When Scott thought of what each of the children or his wife had been thinking as they watched the rest of their family be murdered, it sickened him. In some ways, it was a carbon copy of what he had gone through when he was ten years old.

By the first week of May, 1974, he was packed and ready to hit the road. He had eight weeks to get from Indiana to Maine.

Chapter Seventeen

Scott knew that one of the keys to his long-term success would be the ability to travel anonymously. He decided that meant growing his hair out. That would help him fit in with the times.

One more long-haired guy wearing an old army jacket riding his thumb or the bus through an area wouldn’t be particularly interesting or memorable to most people.

Scott made his way on Interstate 69 north to Indianapolis. There, he turned east. He managed to pick up a ride with a sales rep at a truck stop outside of Indianapolis that took him across Ohio and into Pennsylvania.

His previous trip through Pennsylvania, he had barely nicked through the northwest corner of the state on the way to New York. This time, he caught a number of short rides that took him right through the heart of the state.

As he worked his way across Pennsylvania, he wondered how he had missed it while wandering in his previous lifetime. It was lovely—filled with small towns and a tremendous amount of history.

Scott knew he had plenty of time to arrive in Maine, so he allowed himself to take a few days off when he reached Gettysburg. He stayed in an inexpensive motel and took a guided tour of the battlefields.

While passing the time in Vermont, he had made a study of military history, reading as many books on strategy and wars as Greta had in stock at Twice Told Tales. Somehow, reading about many centuries of war helped him put his own brief battle experience into perspective.

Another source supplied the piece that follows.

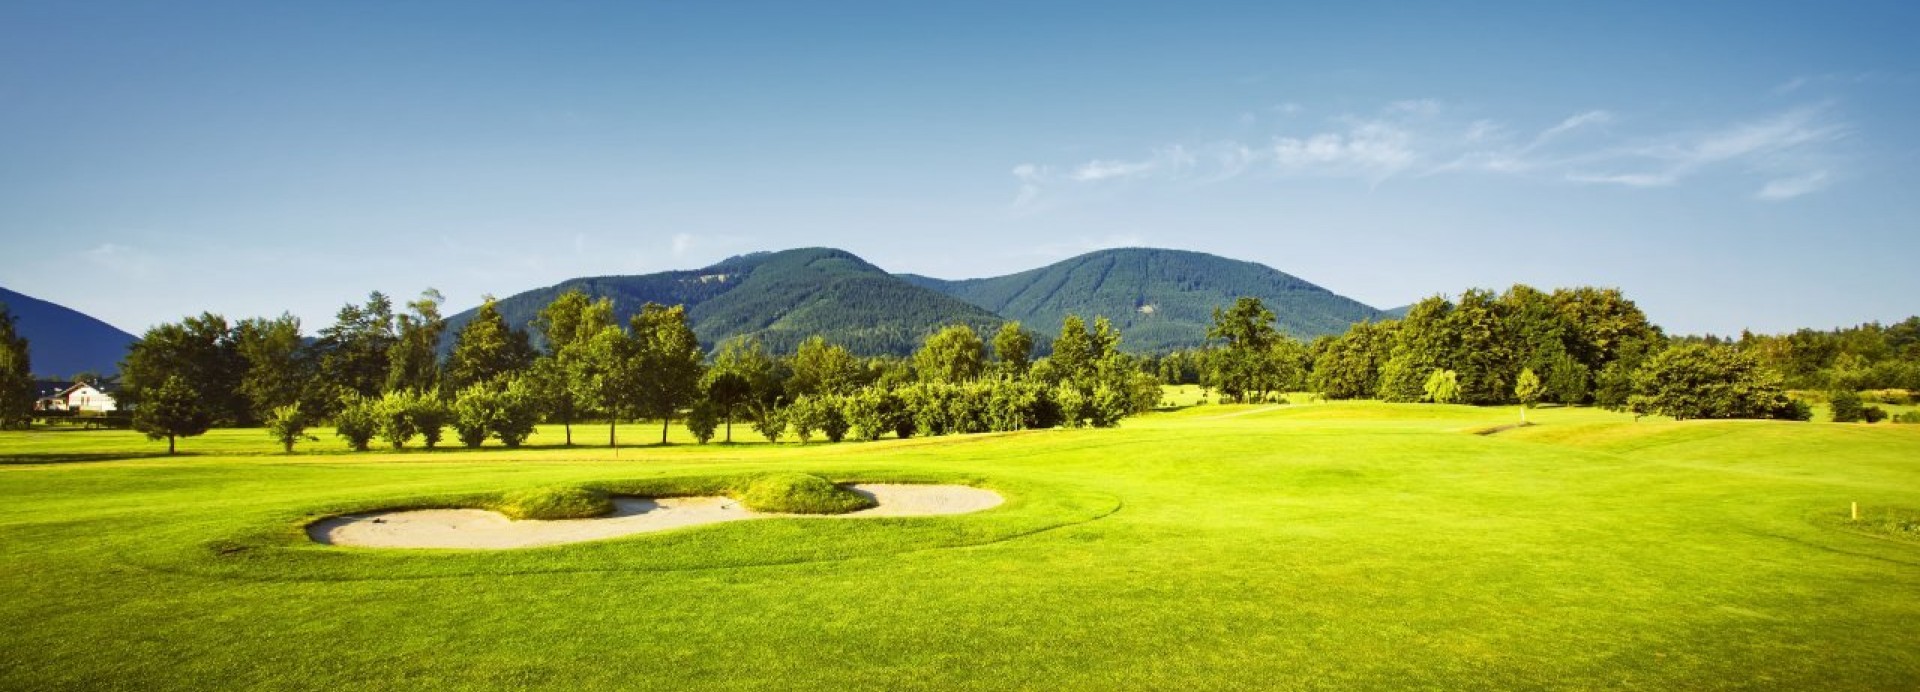 Prosper Golf Resort Čeladná –  The New Course  | Golfové zájezdy, golfová dovolená, luxusní golf

His guided tour ended with a visit to the hill where Pickett had made his charge. As the sun set, Scott stood in the last rays of light, lost in contemplation, trying to picture the life and death struggle that had happened in that very place. Twelve thousand Confederate soldiers had run, crawled, and bled over three-quarters of a mile of empty field while the Union army rained hellfire down on them. The Confederacy breached the Union lines in a few places, but couldn’t hold their position. Eventually they were forced to retreat, with nearly fifty percent casualties. The Civil War continued to play out for several more years, but that marked the high-water mark for the South.

Years later, when a reporter asked General Pickett why his charge had failed, he answered, “I always thought the Yankees had something to do with it.”

Scott shielded his eyes against the dying rays.

There haven’t been many times in our history when we weren’t sending our young men off to fight in a battle somewhere or another. Almost eight thousand people killed right here. Forty thousand badly wounded, all in a single battle.